İşte görüyorsunuz en son ‘AİDS olacak’ diyor. İlaç yapılacak diyor, suikast diyor. Bunları kime diyor, Kılıçdaroğlu’na mı diyor? Cumhurbaşkanımızın kararlılığı olmasaydı FETÖ ile böylesi etkin bir mücadele yapılamazdı. FETÖ terör örgütü ile ilgili siyasi ayak tartışması konusunda kim ne derse desin ama Cumhurbaşkanı’na dönüp böyle bir şey demek izan, vicdan, insaf sahibi, hakkaniyetli birinin söyleyebileceği bir iş değildir. Erdoğan düşmanlığını bir meziyet zanneden alçaklar bunu söyleyebilir. Ama sokaktaki izan, insaf sahibi insanlara sorun; ‘FETÖ ile Türkiye’de kim mücadele etti’ diye, ‘Erdoğan’ derler. FETÖ örgütünün bütün mensuplarıyla imha etmek için saldırdığı kişi Cumhurbaşkanı’dır.

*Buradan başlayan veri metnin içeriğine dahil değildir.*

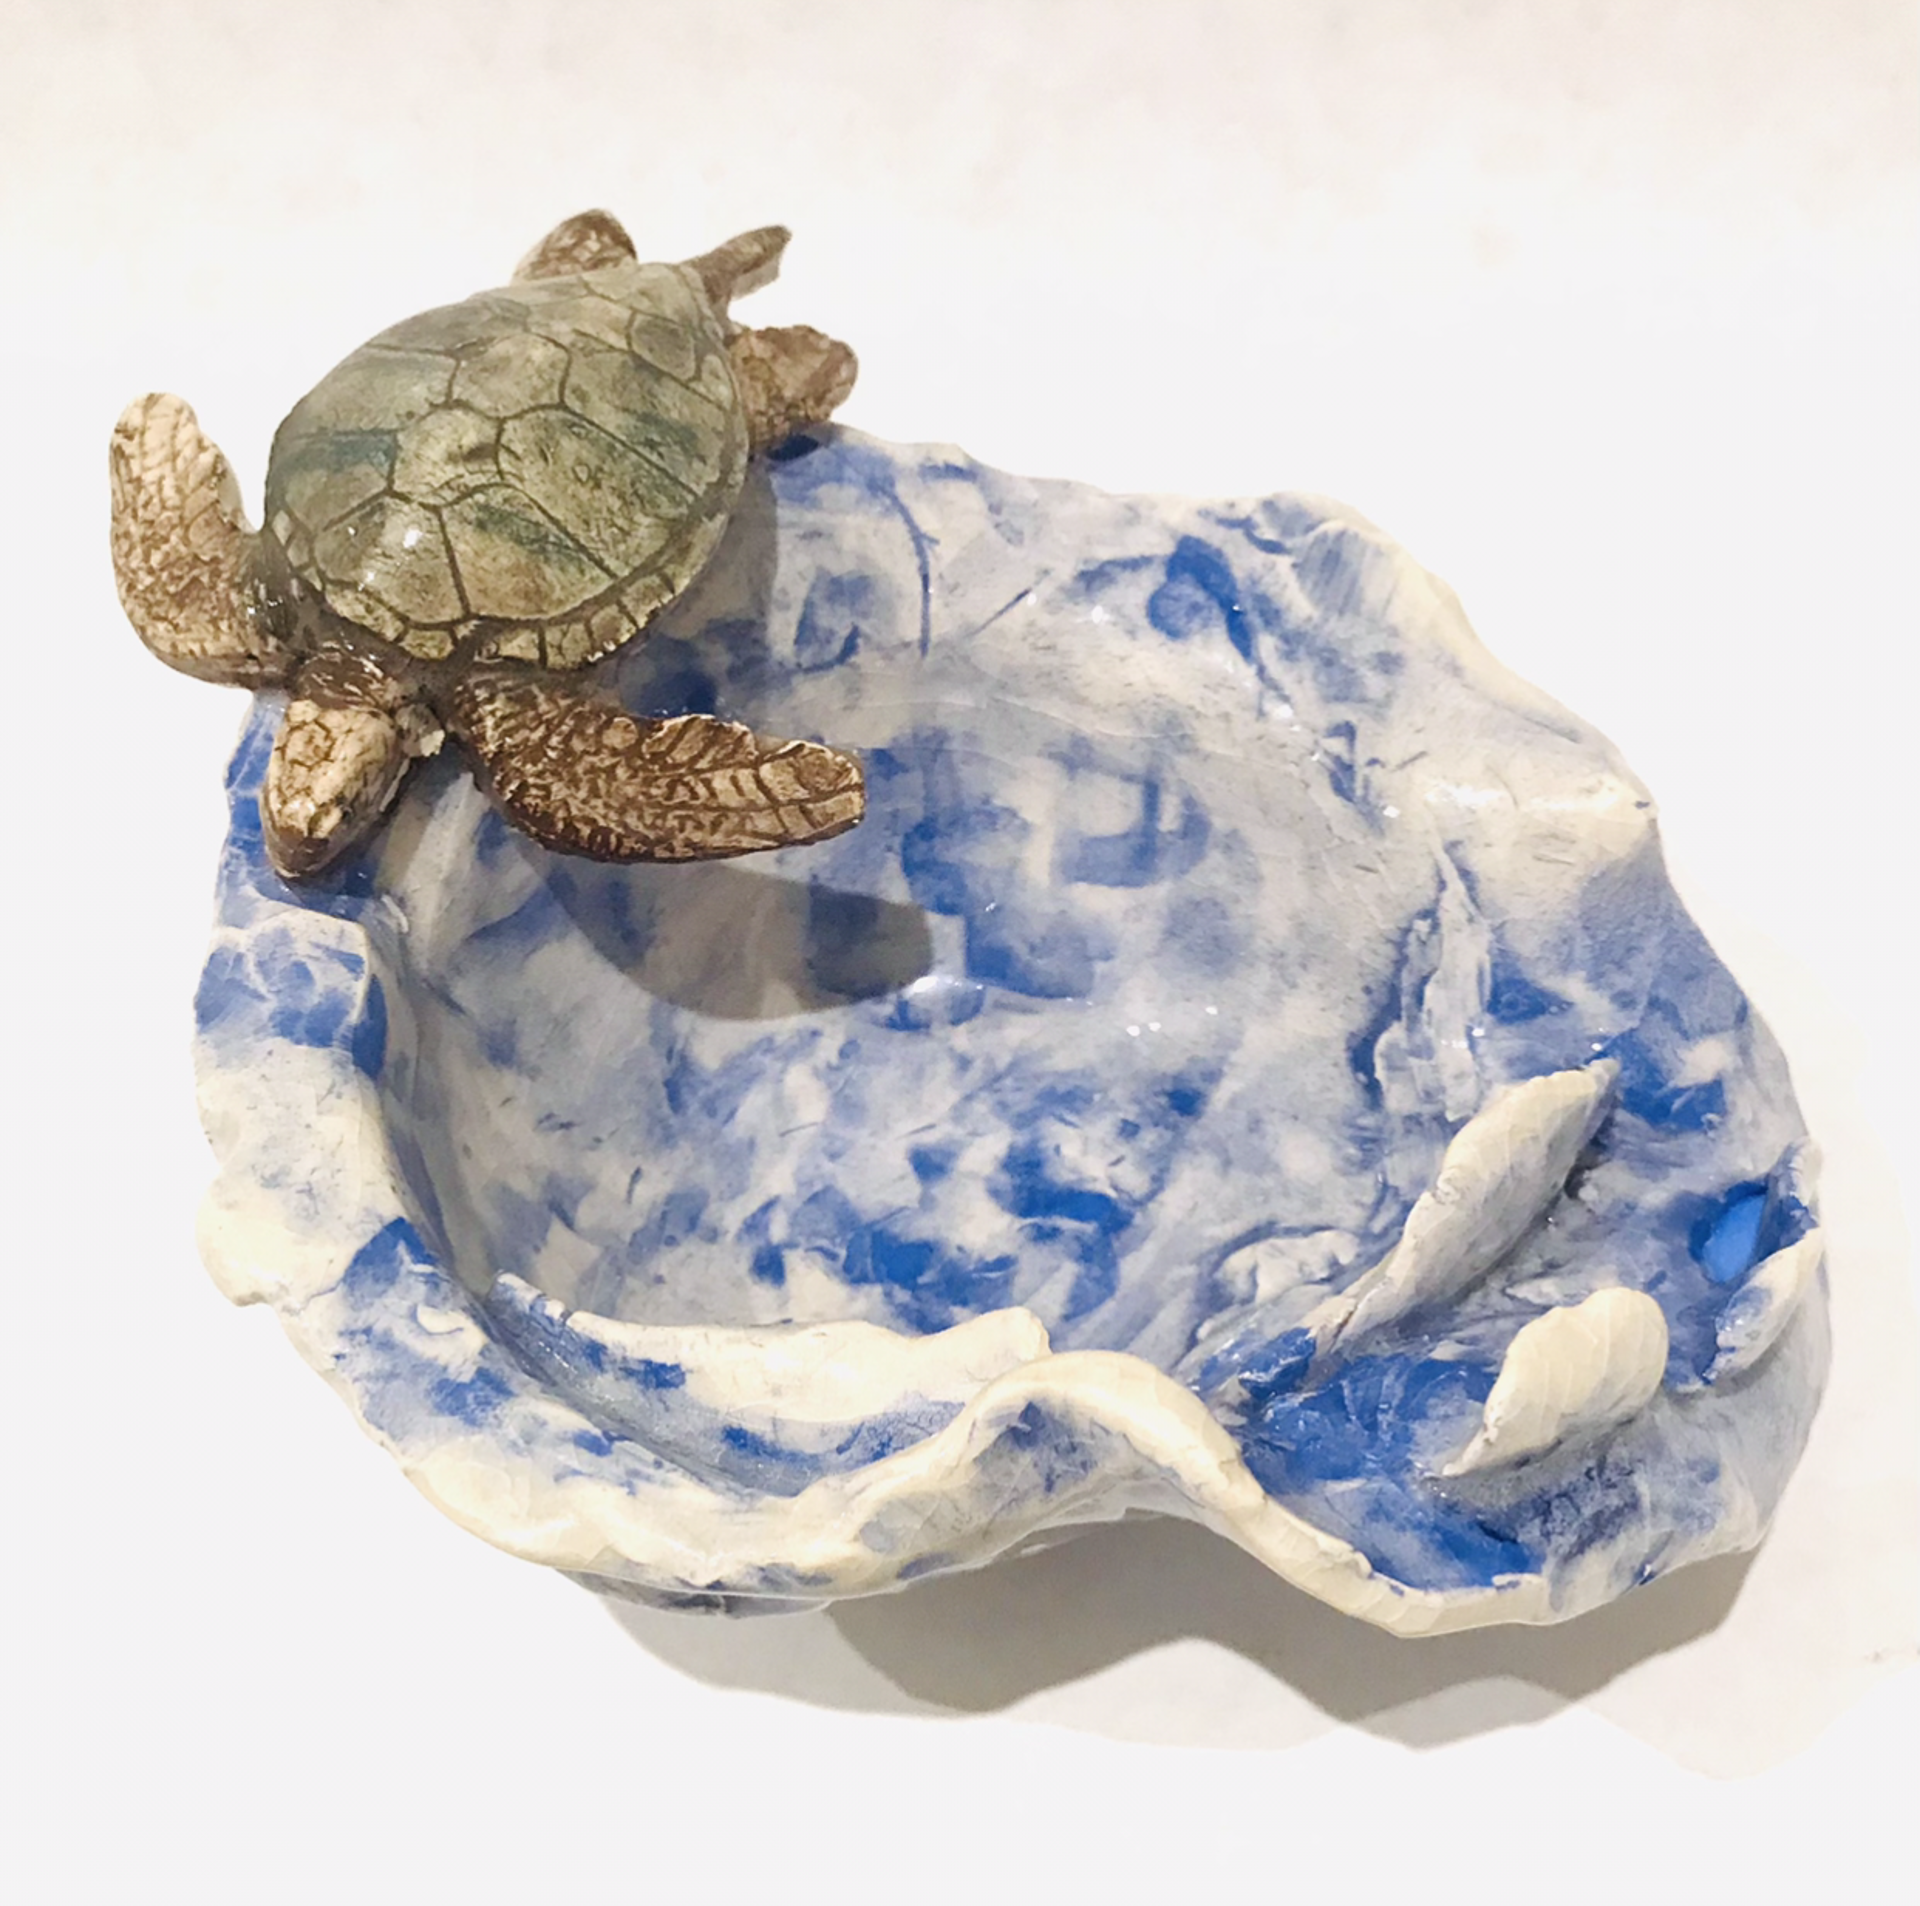 BB22- 51 Turtle Riding a Wave Bowl by Barbara Bergwerf, ceramics

FETÖ eğitimde güçlüydü. Eğitim alanında sahip olduğu imkanların hiçbiri kaldı mı? Dershaneleri kim kapattı, üniversiteleri kim kapattı? Erdoğan. Ortaöğretim okulları, pansiyonları kim kapattı? AK Parti hükümetleri. Medya ayağı vardı bunların, kim kapattı? Cumhurbaşkanı’nın liderliğindeki AK Parti kapattı. Örgütü finanse eden şirketler, kişiler vardı. Bunların üzerine kim gitti? Cumhurbaşkanı gitti. Bankacılık sisteminin üzerine kim gitti? Orduda, yargıda, emniyette, istihbaratta, dışarıda, içeride bütün kurumlara sızmış FETÖ’cüleri temizlemek için kim adım attı? Cumhurbaşkanı’nın liderliğindeki kadrolar. Peki bütün bunlar olurken dershaneler kapatılmasın diye kim çalıştı? CHP çalıştı. Dershaneler düzenlemesini Anayasa Mahkemesi’ne kim götürdü? CHP götürdü. 17-25 Aralık’a en büyük desteği kim verdi? CHP verdi. Oluşturulmuş sahte kasetleri FETÖ’cülerden alıp Meclis’te yasayı çiğneyerek dinlettiler. Sahte kasetleri alenileştirerek adeta FETÖ’nün siyasi ayağı olarak çalıştı. MİT TIR’ları hadisesinden bir milletvekilleri şu anda içeride.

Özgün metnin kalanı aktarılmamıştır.